# [PROBLEM TO SOLVE]
Would you please transcribe the data in full and exactly, excluding images?

# [DATASET CONTENT]

################

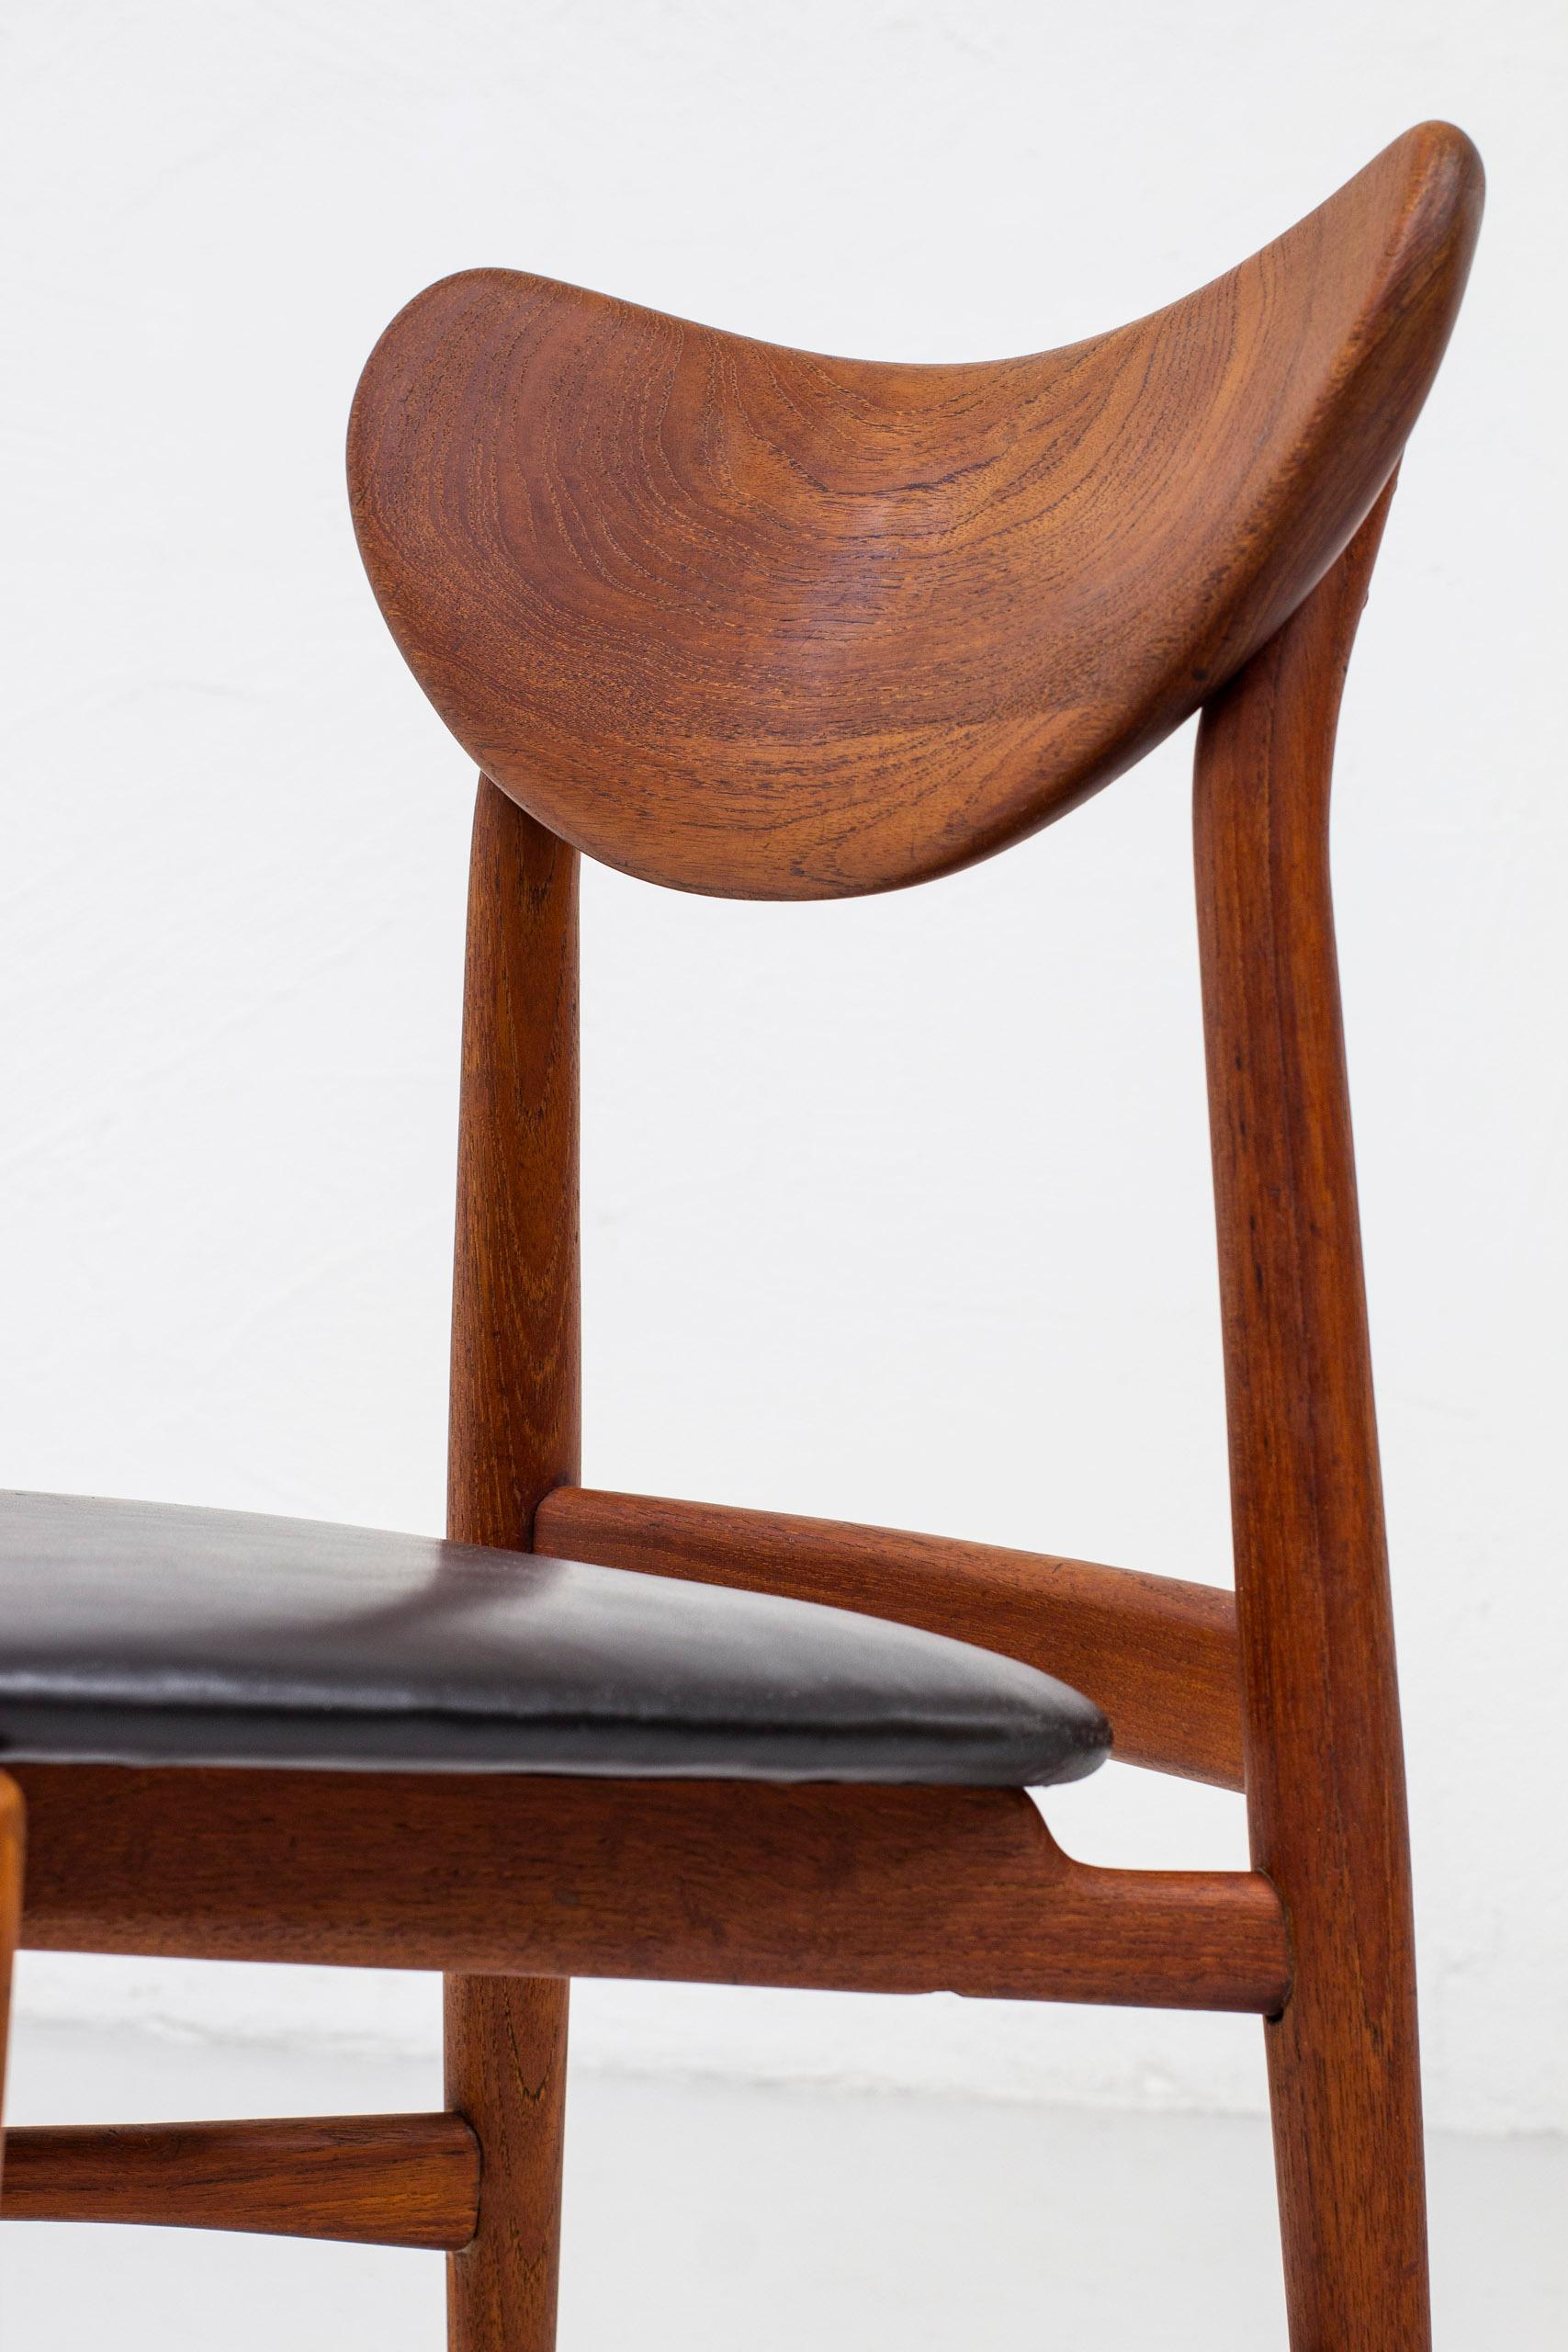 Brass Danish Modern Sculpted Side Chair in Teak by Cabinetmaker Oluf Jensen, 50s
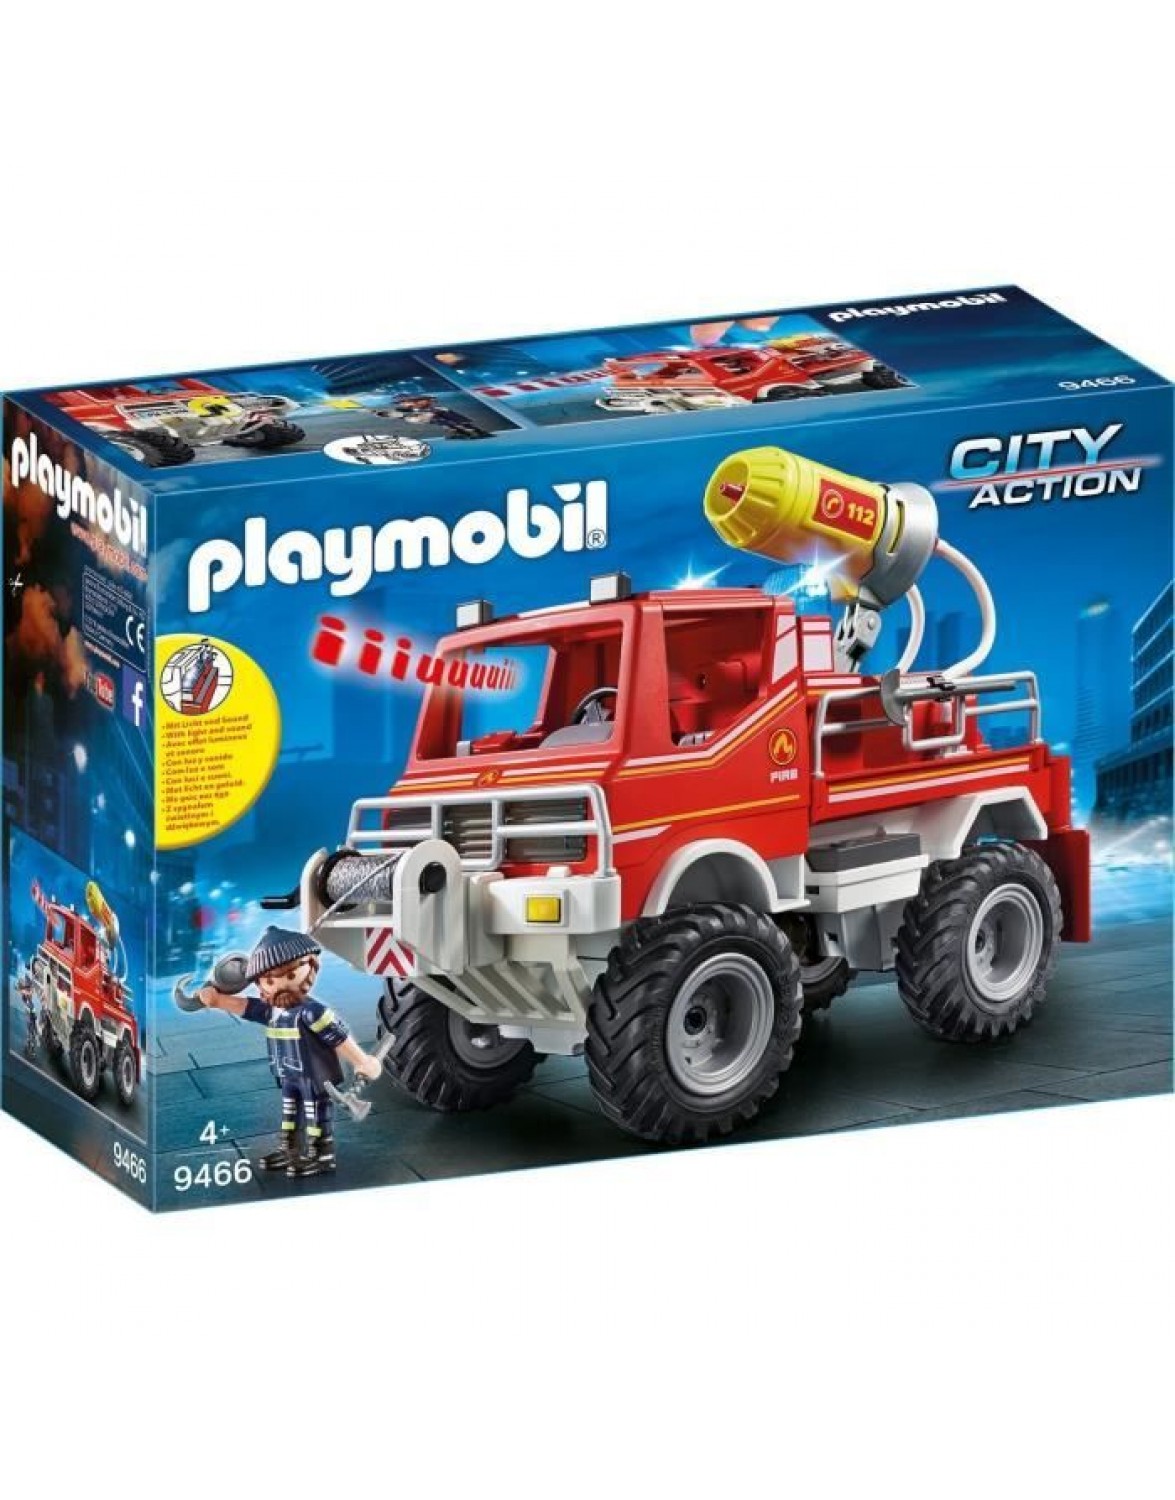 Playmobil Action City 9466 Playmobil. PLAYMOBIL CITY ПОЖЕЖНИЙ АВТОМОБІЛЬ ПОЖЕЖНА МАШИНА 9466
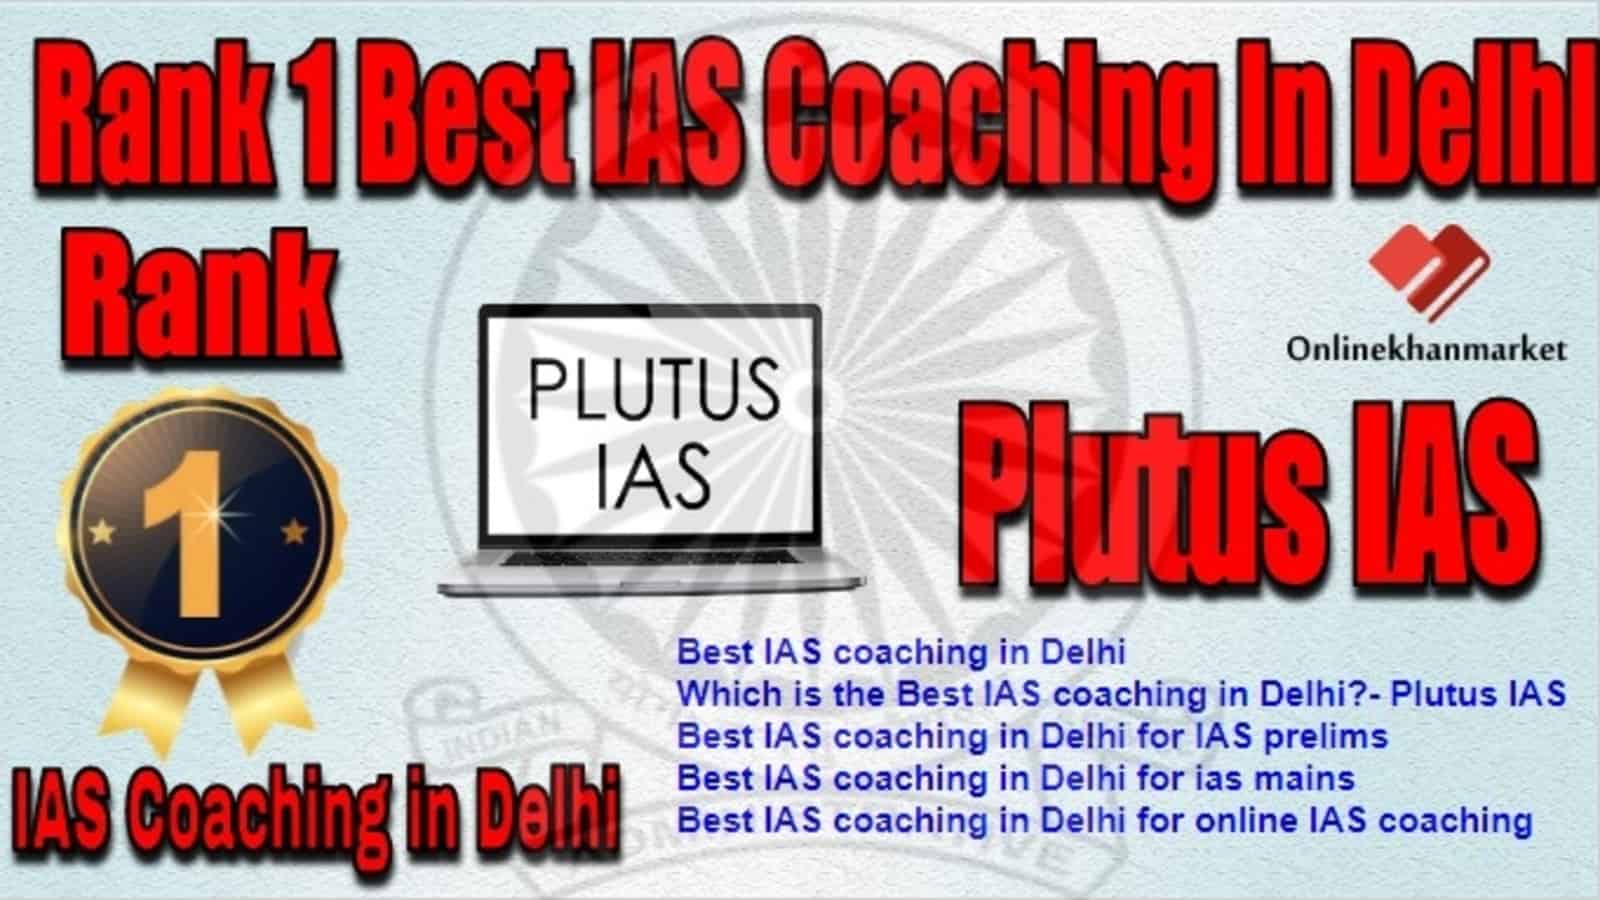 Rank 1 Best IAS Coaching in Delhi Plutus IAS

################

# [TASK ANSWER]
 Brass Danish Modern Sculpted Side Chair in Teak by Cabinetmaker Oluf Jensen, 50s
 Playmobil Action City 9466 Playmobil. PLAYMOBIL CITY ПОЖЕЖНИЙ АВТОМОБІЛЬ ПОЖЕЖНА МАШИНА 9466
 Rank 1 Best IAS Coaching in Delhi Plutus IAS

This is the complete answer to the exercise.